A group of people playing a game of volleyball

Photo by HorseRat on Unsplash

San Francisco’s newest women’s professional sports team hasn’t even taken the court yet, but LOVB SF is already making waves in the sports world with an ownership model that’s breaking all the traditional rules.

The League One Volleyball expansion franchise just announced a massive expansion of its investor base that reads like a who’s who of sports excellence. We’re talking Warriors head coach Steve Kerr, legendary USMNT player Julie Foudy, and Indiana Fever guard Lexie Hull. But here’s what makes this really wild: there are over 50 owners involved, and together they’ve earned a combined 32 Olympic medals.

Chairwoman Jes Wolfe is clear that this wasn’t accidental. “This is about bringing together women, bringing together excellence, bringing together a community that is united in wanting to build something that will last for a very, very, very long time in San Francisco”, she explained. The key difference? These aren’t passive investors sitting back and cashing checks. LOVB SF is actively seeking owners who will actually contribute their expertise, networks, and voices to building the franchise from the ground up.

That means legendary players like Abby Wambach, Holly Rowe, Brandi Chastain, and Olympic volleyball icon Kelsey Robinson Cook are joining monthly Zoom calls with the TaskRabbit founder, the Warriors’ team ophthalmologist, and global AI entrepreneurs. The organization is planning annual in-person summits and forming subcommittees focused on everything from sponsorships to marketing.

This approach completely flips the traditional sports ownership model on its head. Most pro sports teams intentionally keep ownership groups small and tight, with just a handful of controlling stakeholders making decisions. Private equity firms often swoop in to take stakes, like how Sixth Street backs Bay FC. But LOVB SF is betting that for women’s sports, where growth depends just as much on community enthusiasm as it does on infrastructure, a larger, more engaged ownership base will accelerate everything.

The timing makes sense. The Bay Area has already proven itself as a powerhouse for women’s sports. The Golden State Valkyries just wrapped up their first WNBA season, and Bay FC is in its third year building something special. Volleyball, though, is seen as the next frontier. The sport is already huge at the youth and college levels, and the U.S. pro ceiling remains largely untapped.

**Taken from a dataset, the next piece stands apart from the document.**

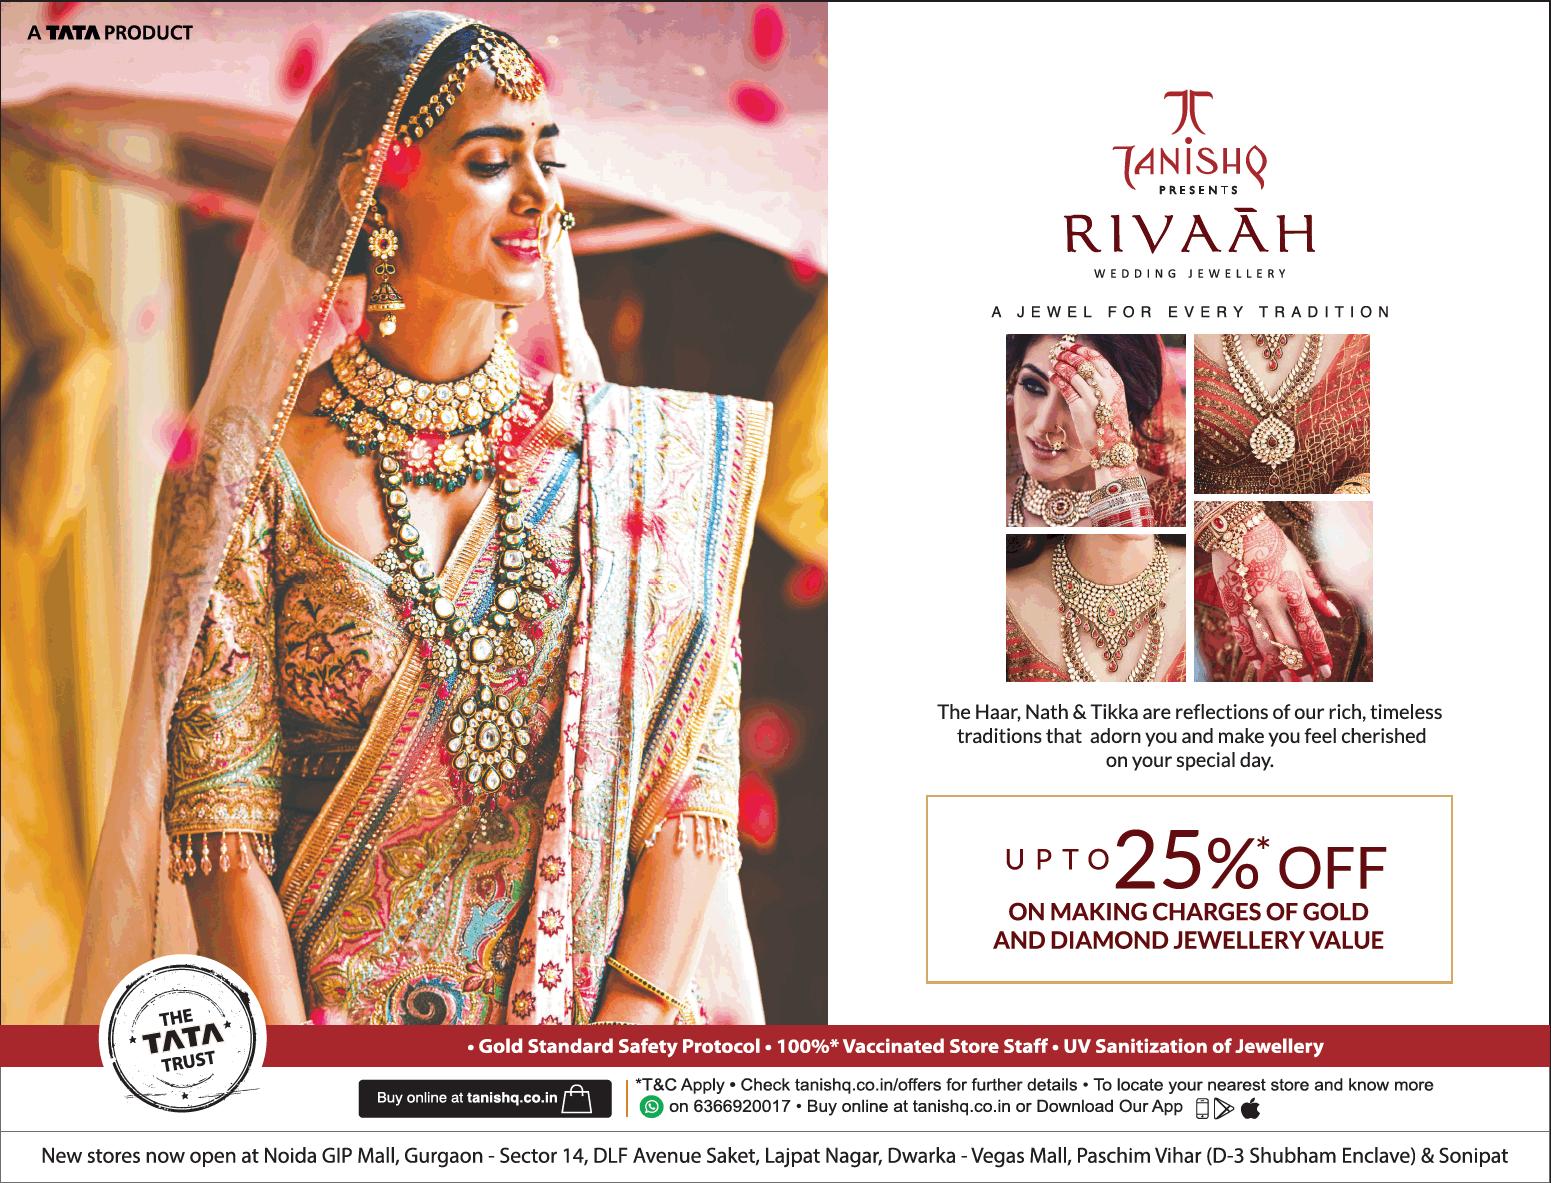 tanishq-rivaah-wedding-jewellery-upto-25%-off-ad-toi-delhi-1-7-2021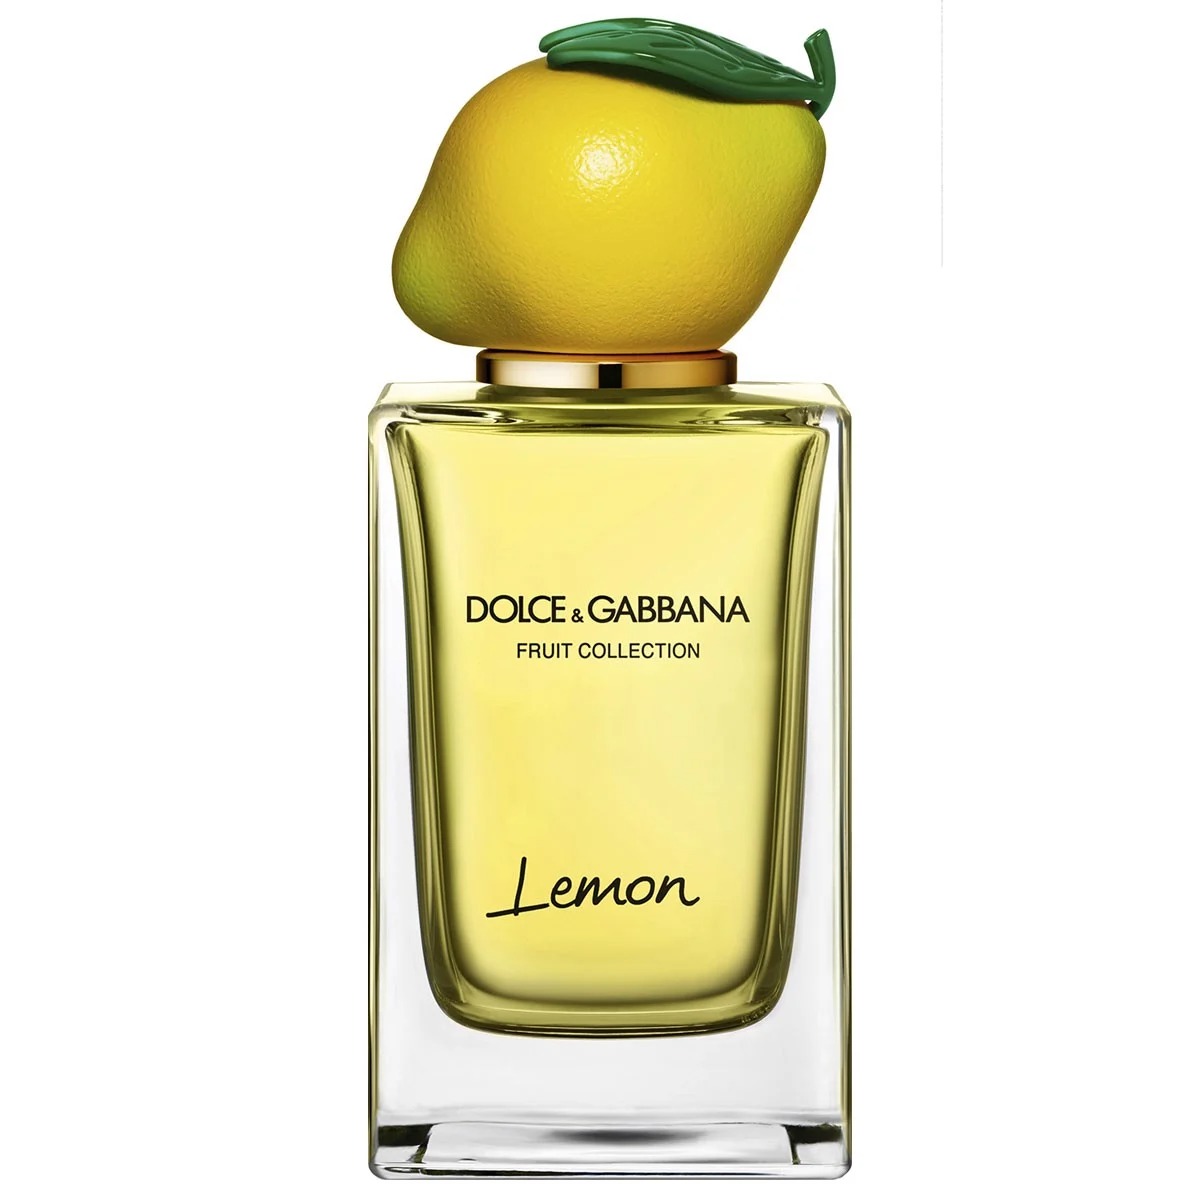 Dolce & Gabbana Lemon Eau de Toilette

For many owners, the investment is deeply personal. Steve Kerr and his wife Margot are part-owners alongside their daughter Maddy, who played as a libero at Cal. Others, like three-time Olympian YK Kim, are accomplished in the sport itself. The common thread? They all want to build something they wish had existed sooner.

LOVB SF won’t debut until next season and is still finalizing its arena deal within San Francisco city limits, but the franchise is already changing how we think about ownership, investment, and building women’s sports in America.